Posted by steve.titch at 01:14 PM
The Smoky Skies
Modern-day lepers will soon have an airline all their own:
- A new airline for smokers only is scheduled to make its first flights in March 2007.
Smintair (Smokers' International Airways) has been founded by a German businessman, Alexander W. Schoppmann, in the hope of attracting the Asian business market as well as pro-smoking Europeans. Smintair plans to fly jumbo jets with 30 first-class and 108 business-class seats equipped with televisions, DVDs, gourmet food and "charming and beautiful" flight attendants. And ashtrays, of course.
Article here, and from the Smintair website:
- Allowing our guests to smoke is one of the freedoms we are happily prepared to grant. Non-smokers will find the cabin air more refreshing than on any other flight with any other airline, as SMINTAIR adds fresh outside air to the conditioning system! This is more expensive, as it burns more fuel, but it is seen as an additional service to our guests.
Related: A Pack of Lies: The Surgeon General hypes the hazards of second-hand smoke
Posted by tedb at 10:27 AM
July 11, 2006
Light rail or light rail?
- The Bellevue City Council on Monday night became the fourth Eastside government to say it favors light rail over buses for a high-capacity transit line planned from Seattle to Redmond.
…
The vote was 5-2, with councilmen Don Davidson and Conrad Lee voting no. Davidson said the question posed by Sound Transit — either light rail or bus rapid transit that would later be converted to light rail — was unfair and slanted.

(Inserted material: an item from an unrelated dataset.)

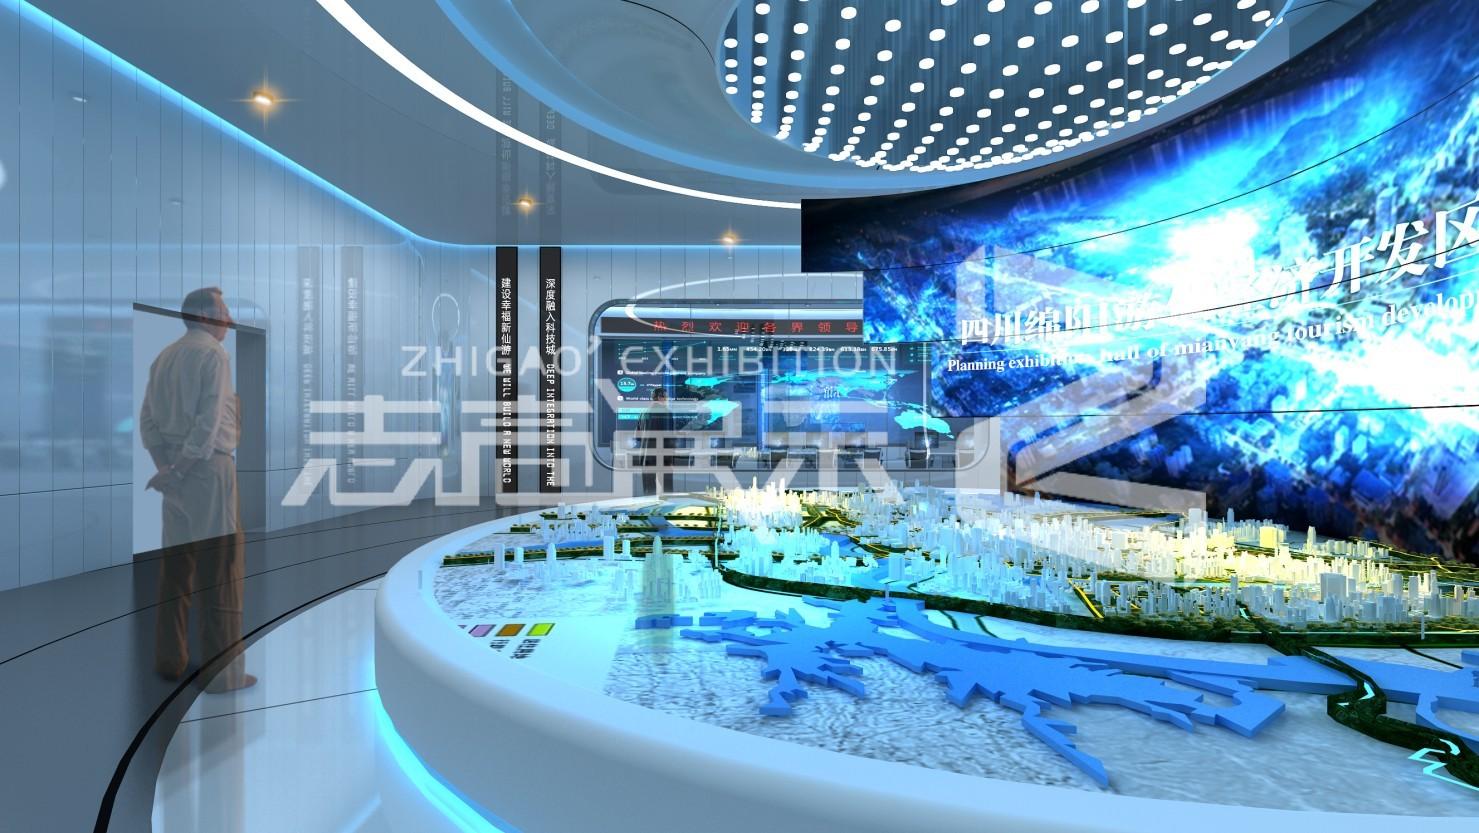 綿陽市游仙經濟開發區規劃館
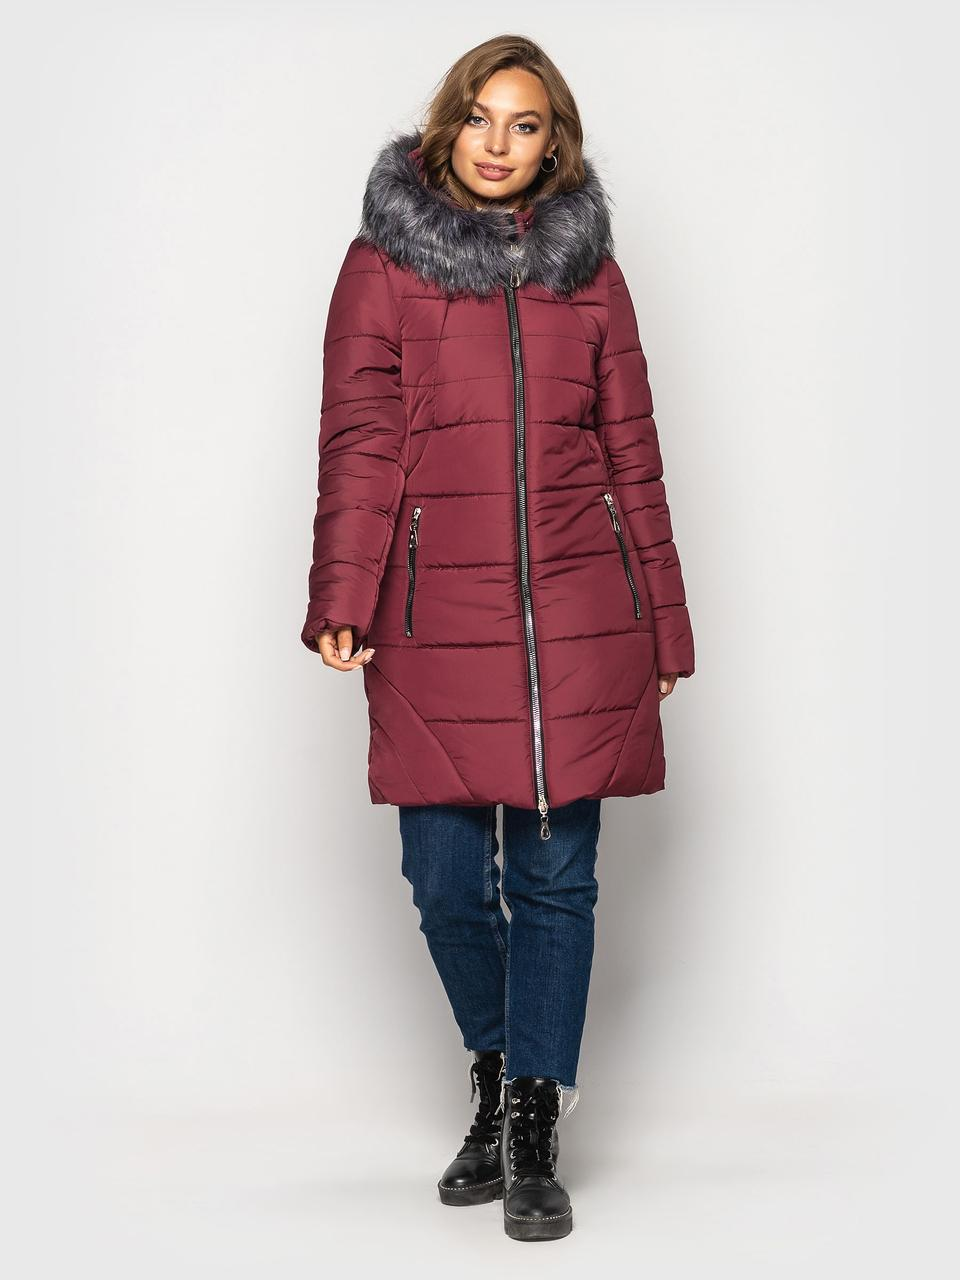 Зимняя куртка большого размера Розали бордовый(50-60)

"Sound Transit asks, 'Do you want light rail or do you want light rail?' " Davidson said. "We don't have any choice."
Article here.
Related: Seattle’s Monophor
Posted by tedb at 04:20 PM
Idle-free or idle-full?
It is always worth noting environmental regulations that aren’t being pioneered in California:
The Idaho Department of Environmental Quality wants drivers to turn their cars off rather than let them idle.[…]
Nampa Mayor Tom Dale said Monday he hasn’t yet heard from the DEQ, but that he thinks it would be good to encourage people to turn their cars off if they have a chance.[…]
According to the U.S. Environmental Protection Agency, it is more gas-efficient to turn the engine off and restart the vehicle if idling is expected to last more than 30 seconds.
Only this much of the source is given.